So the man drove to the stable with the complacent consciousness of having done his duty and warned his mistress against a "very onnatteral feelin'" in the young man.
The moment he disappeared around the corner, Alice stood undecided a moment, like a startled deer, and then sped down the path to the boat-house. The snow was tramped somewhat by the big lumbering feet of the coach-man, but had it not been, Alice now had wings. The twilight was deepening, and she could not wait till the morrow before following up this trail that led to the idol of her heart.
She paused in the winding path when half-way down the bank, that she might gloat over the mad plunges by which Harcourt had crossed it, straight to the river. She followed his steps to the brink of a precipice, and saw with a thrill of mingled fear and delight where he had slid and fallen twenty feet or more.
"How cruelly I have misjudged him!" she thought. "When he was here eager to risk his life for me, my false fancy pictured him at Addie Marchmont's side. And yet it was well I did not know the truth, for it would have been so much harder to look death in the face so long, with this knowledge of his friendship. How strangely he and Addie act when together! But come, that is no affair of mine. Let me be thankful that I have not lost the friend of my childhood."
A little later she stood at the boat-house.
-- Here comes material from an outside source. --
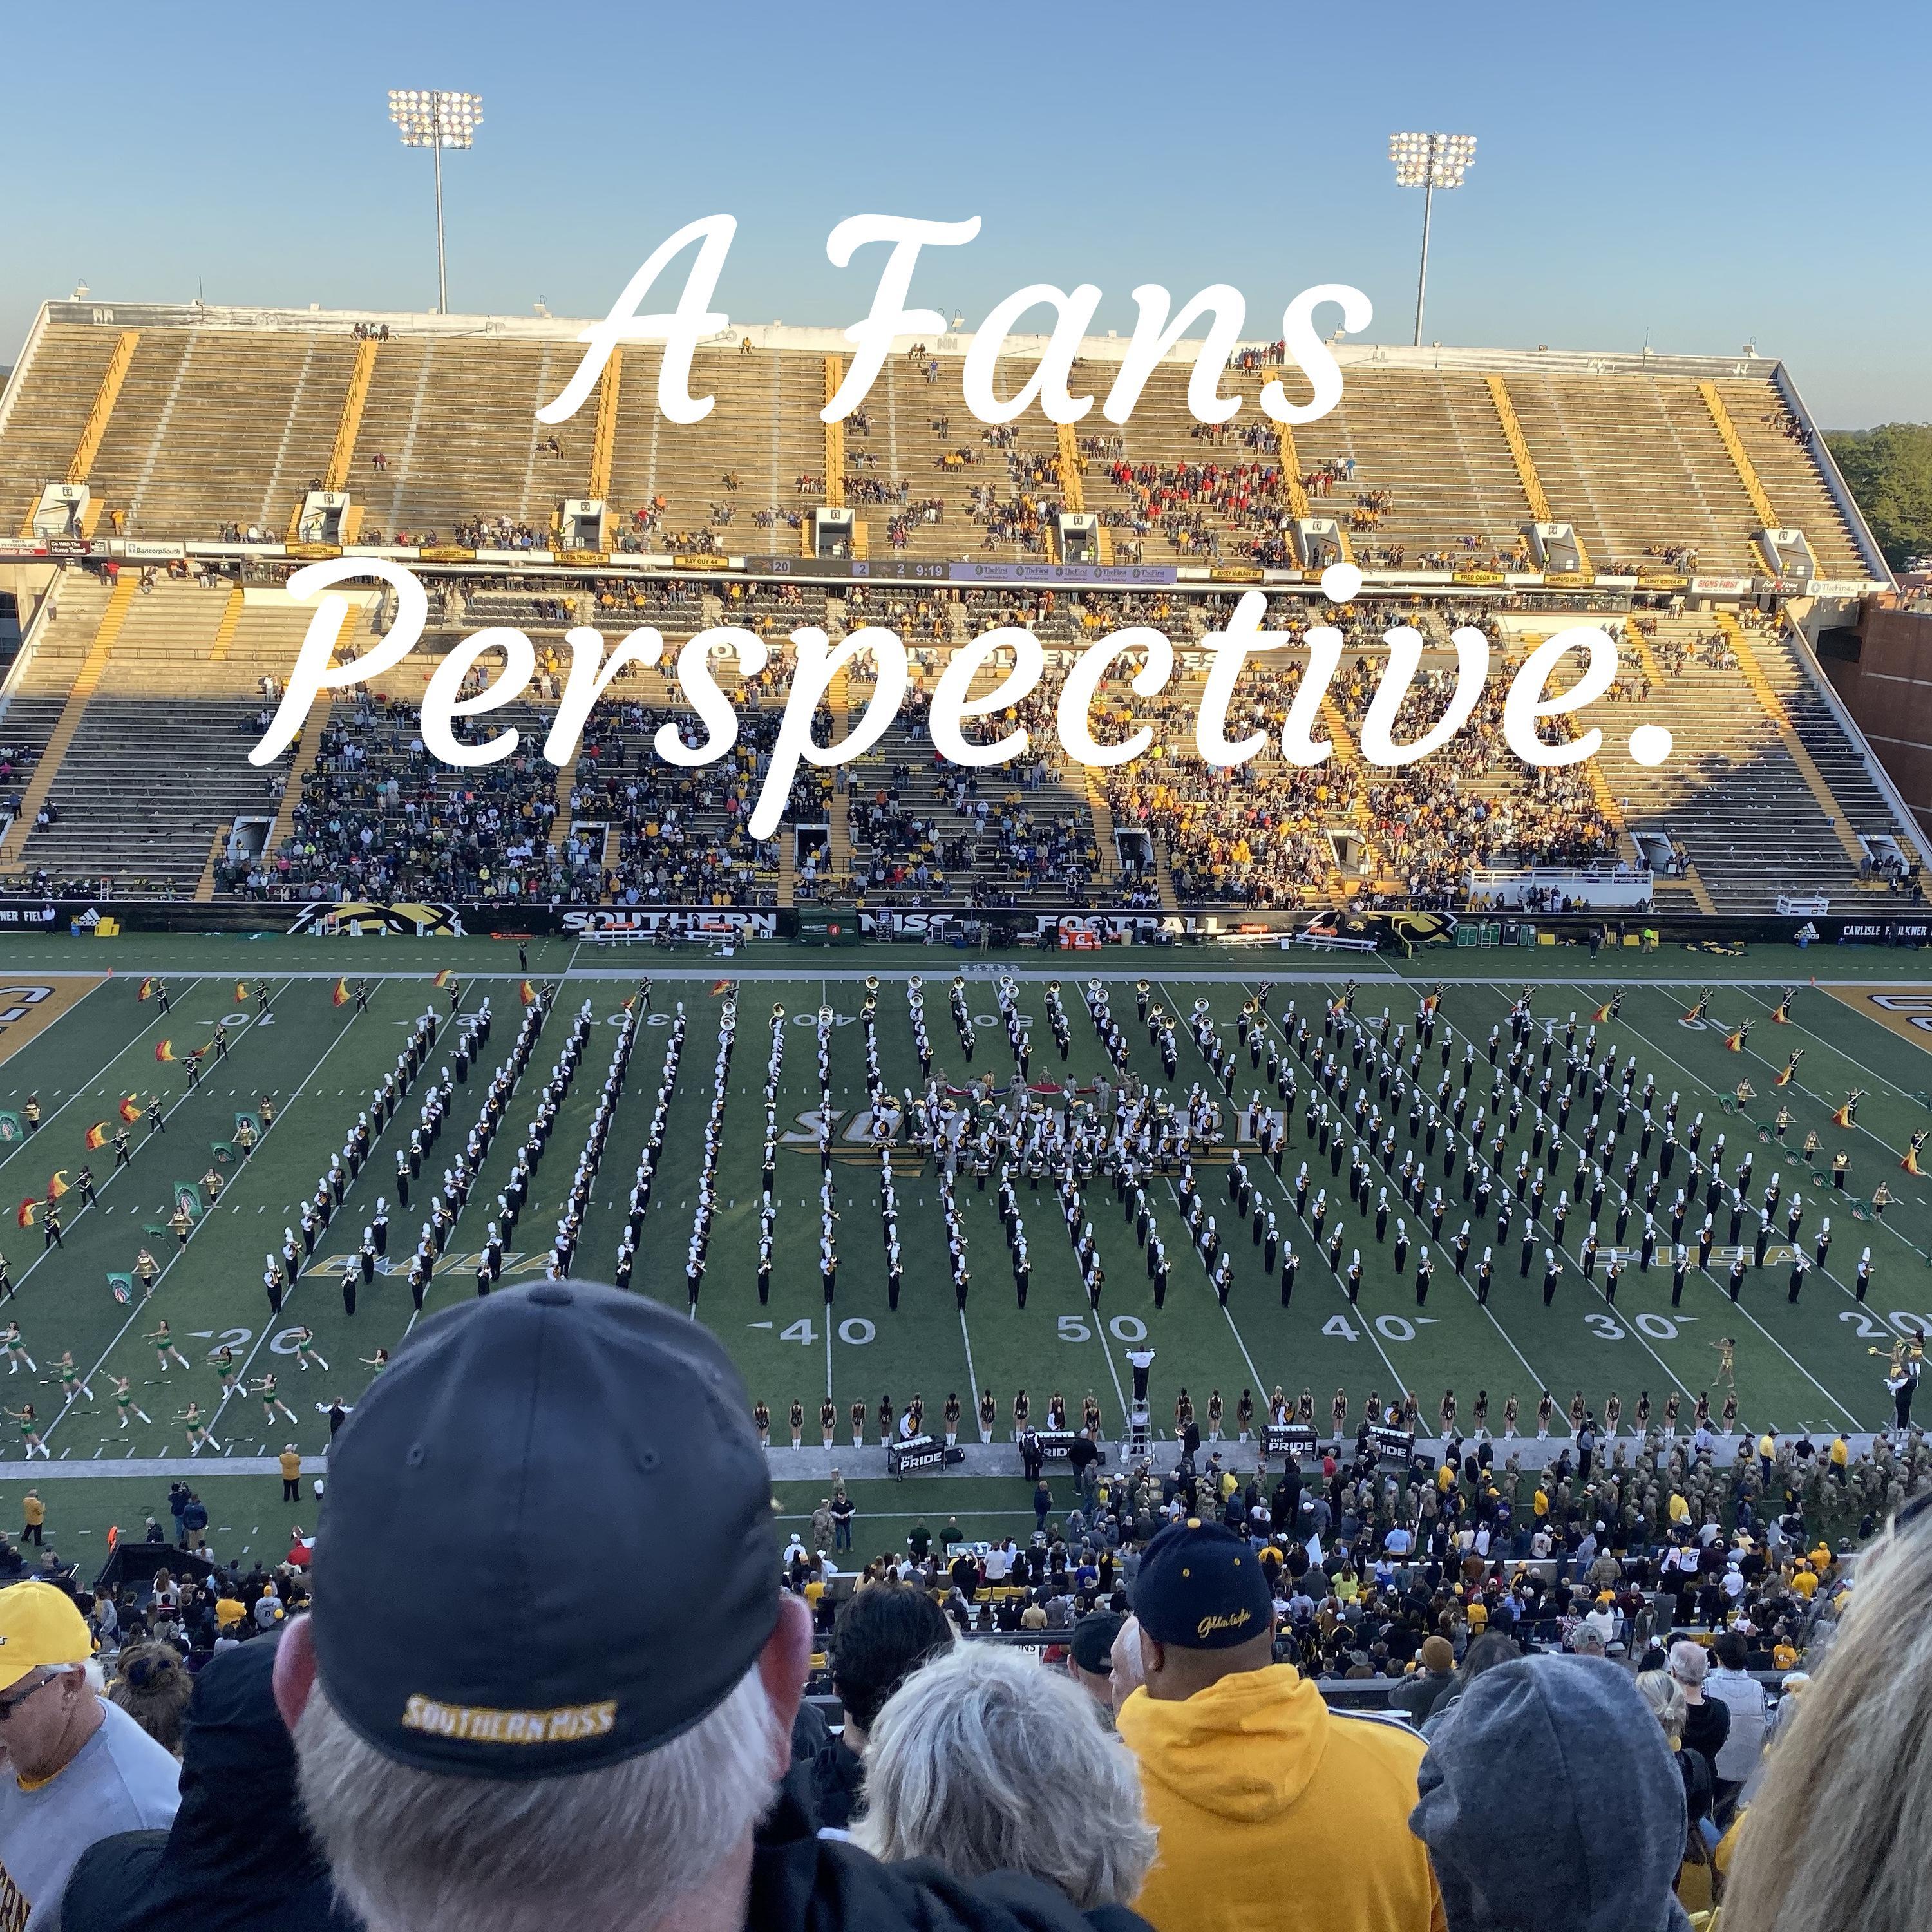 A Fans Perspective.

The door hung by one hinge only, and the large stone lay near with which he had crashed it in. She entered the dusky place as if it had been a temple. Had it not been consecrated by a service of love,—by the costliest offering that can be made,—life? Here he had said he would save her or perish with her; here he had sought to make good his words.
She picked up one of the matches he had dropped, and struck it, that she might look into the neglected boat. Never was the utter unseaworthiness of a craft noted with such satisfaction before.
"While I vilely thought he would not venture to our aid at all, he strained every nerve to launch this old shell. Thanks to obstinate Burtis, who would not help him."
She struck another match, that she might look more closely; then uttered a pitiful cry.
"Merciful heaven! is this blood on this rope? It surely is. Now I think of it, he kept his right hand gloved this morning, and offered his left to Mr. Hemstead in salutation. Father and I, in our cruel wrong, did not offer to take his hand. And yet it would seem that he tugged with bleeding hands at these ropes, that he might almost the same as throw away his life for us.
"I can scarcely understand it. No brother could do more. He was braver than Mr. Hemstead, for he had a stanch boat, and experienced help, while my old playmate was eager to go alone in this wretched thing that would only have floated him out to deep water where he would drown.